Hello I am trying to send multiple post requests to an endpoint, i have a spark dataframe and each column of this dataframe is sent through the payload of the post request.
However when i run this in my notebook, no exception is raised. I'm guessing it is because the requests are executed on spark workers
That's why i wonder how can i get the info if a post request returned a HTTP error 422 or 502 ?
Here's something i tried but with no result
url = "string"
headers = {
'header': 'XXXXX'
}
def process_partition(partition):
partition_errors = []
for row in partition:
payload = {
"col1": str(row["col1"]),
}
try:
response = requests.post(url, json=payload, headers=headers)
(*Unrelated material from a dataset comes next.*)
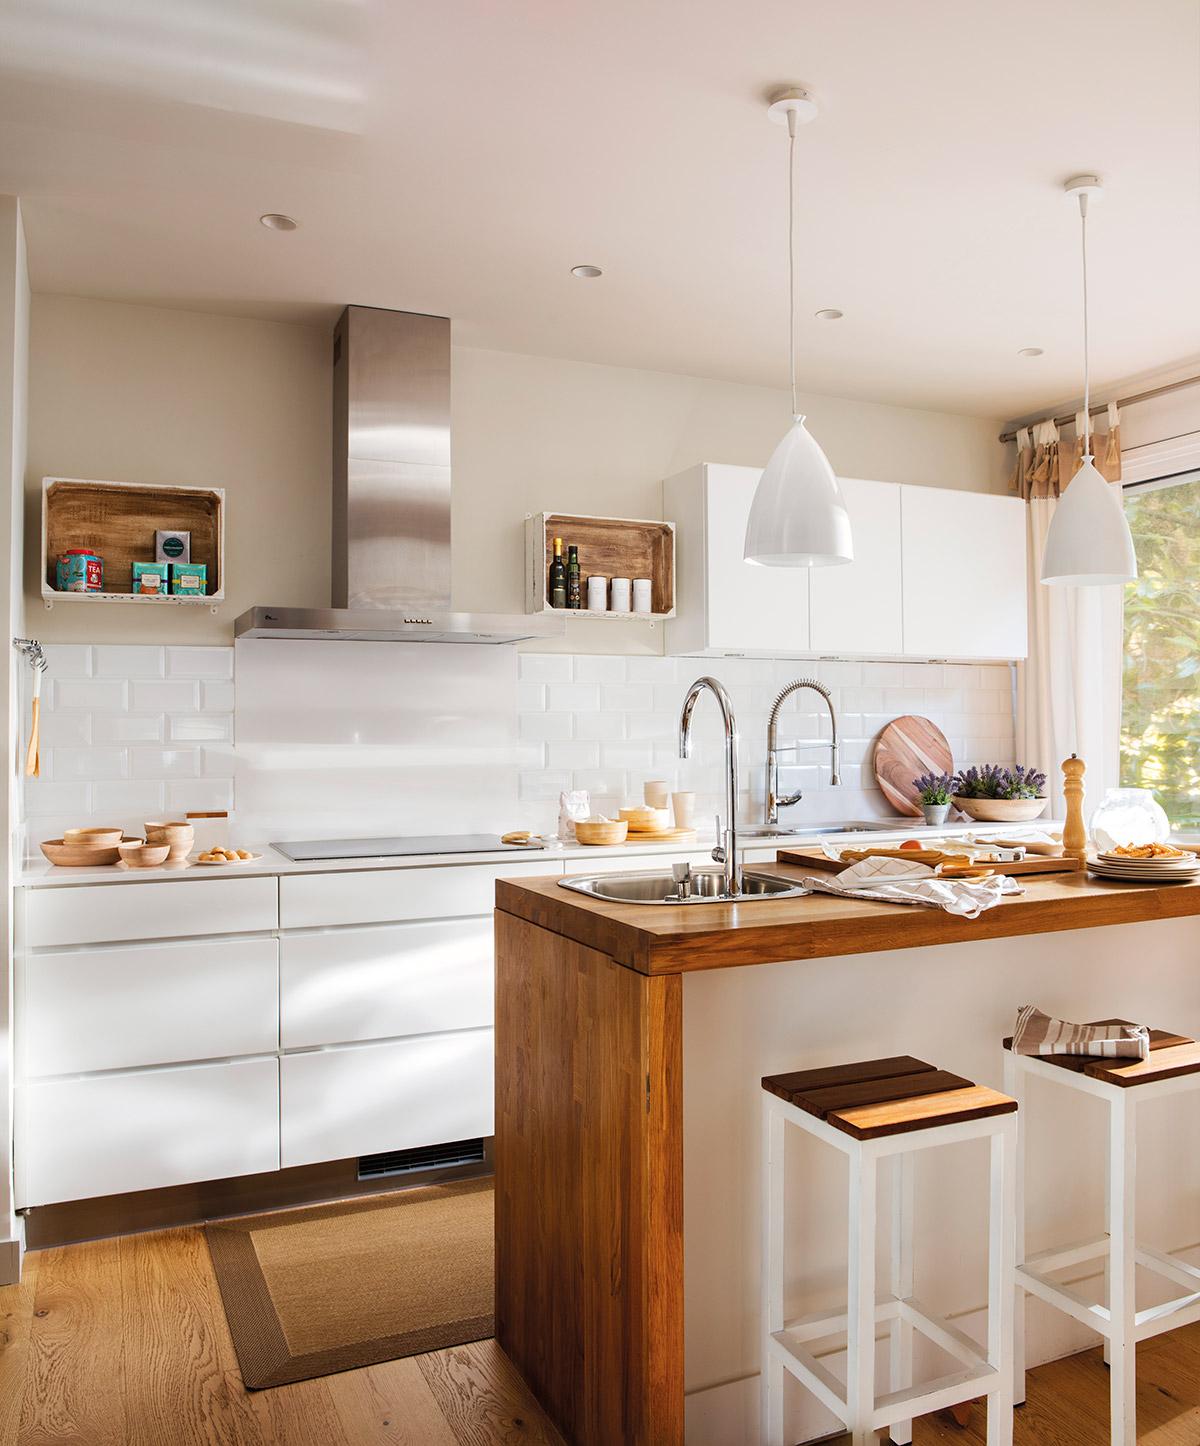 Dise o de una cocina con barra de desayuno - Ikea barra cucina ...

response.raise_for_status()
except requests.exceptions.HTTPError as err:
partition_errors.append({"error": str(err), "data": row.asDict()})
except Exception as e:
partition_errors.append({"error": str(e), "data": row.asDict()})
return partition_errors
def log_errors(errors):
if errors:
for error in errors:
print(f"Error: {error['error']}, Data: {error['data']}")
else:
print("All data has been sent.")
all_errors = []
def collect_partition_errors(partition):
errors = process_partition(partition)
all_errors.extend(errors)
df_websocket_data.foreachPartition(collect_partition_errors)
log_errors(all_errors)